# amano shrimp



## waynside (Aug 21, 2005)

who has them and what do u think? life expectancy? :fish:


----------



## Damon (Jan 18, 2005)

Good cleaners for algae. Very hard to breed as the fry need brackish water to develop but they "spawn" in fresh water. I perfer Cherry shrimp as they are easy to breed and will keep a constant population in a tank for years. Amanos are larger than cherries. They live 2-3 years.


----------



## waynside (Aug 21, 2005)

the cherry shrimp will be able to breed successfully in a tank without taking them out of the tank? if so... i might get them then...i'm just looking for some shrimp that will clean a little bit and look great in the tank!


----------



## cucci67 (Aug 3, 2005)

Then cherries are the shrimp for you!
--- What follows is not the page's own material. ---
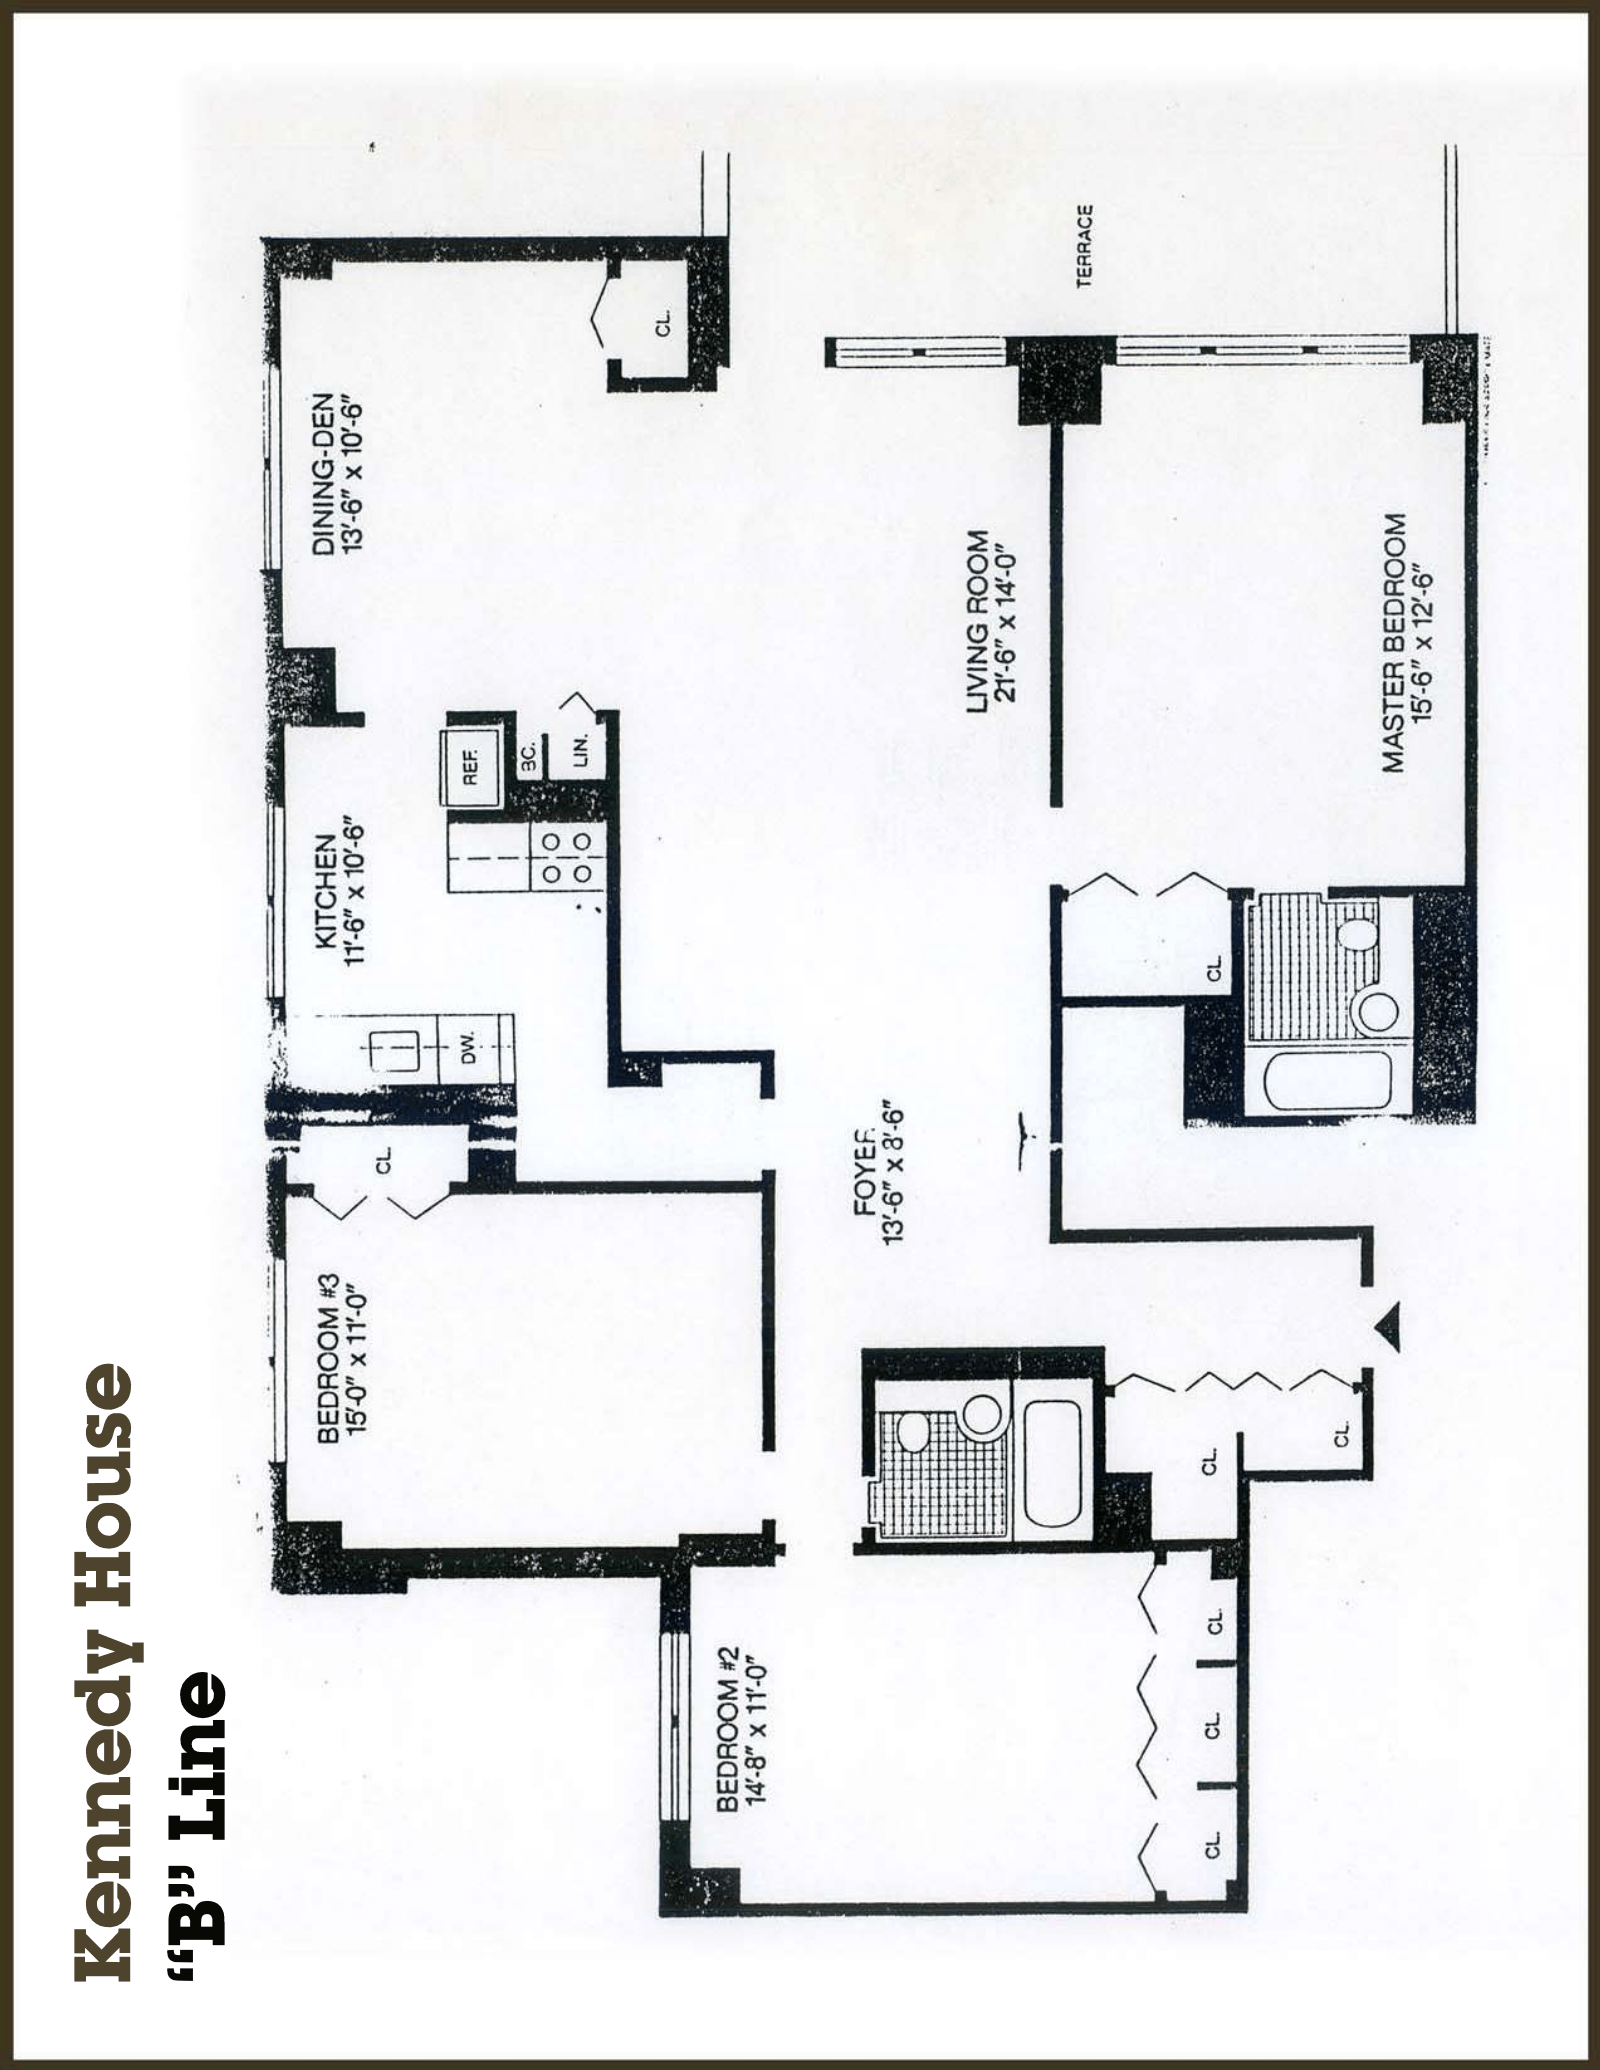 Floorplan for 110-11 Queens Blvd, 15B

I have been looking for cherries for weeks now, can't find a good inexpensive source other than aquabid.


----------



## Damon (Jan 18, 2005)

Cherry shrimp will breed in a community tank. The fry stay hidden until they are large enough to swim on their own. I pull out a dozen or so every month.


----------



## waynside (Aug 21, 2005)

wow! let me know if you have any for sale...i think i would like to get some soon...


----------



## cucci67 (Aug 3, 2005)

Same here, is you ever want to sell any, I am willing to pay for shipping too!


----------



## fishboy (Feb 26, 2005)

like wise for me i've been looking for cherrys


----------



## micstarz (Oct 22, 2005)

cherrys rock. easy to keep


----------



## j-man the skater-man (Apr 4, 2005)

talk to aprilrain on here she sold me the cherry shrimp i have and they are doing good and have produced 10 or 15 babies in about a month


----------



## Mr Fish (Sep 9, 2005)

Amanos, in theory, can live in a pond. Could cherry? Pond is in texas where the winters are general light but temperature fluxates a lot. Pond is 1,500 gallons and I have two floating heaters in it. Pond has goldfish & koi in it.


----------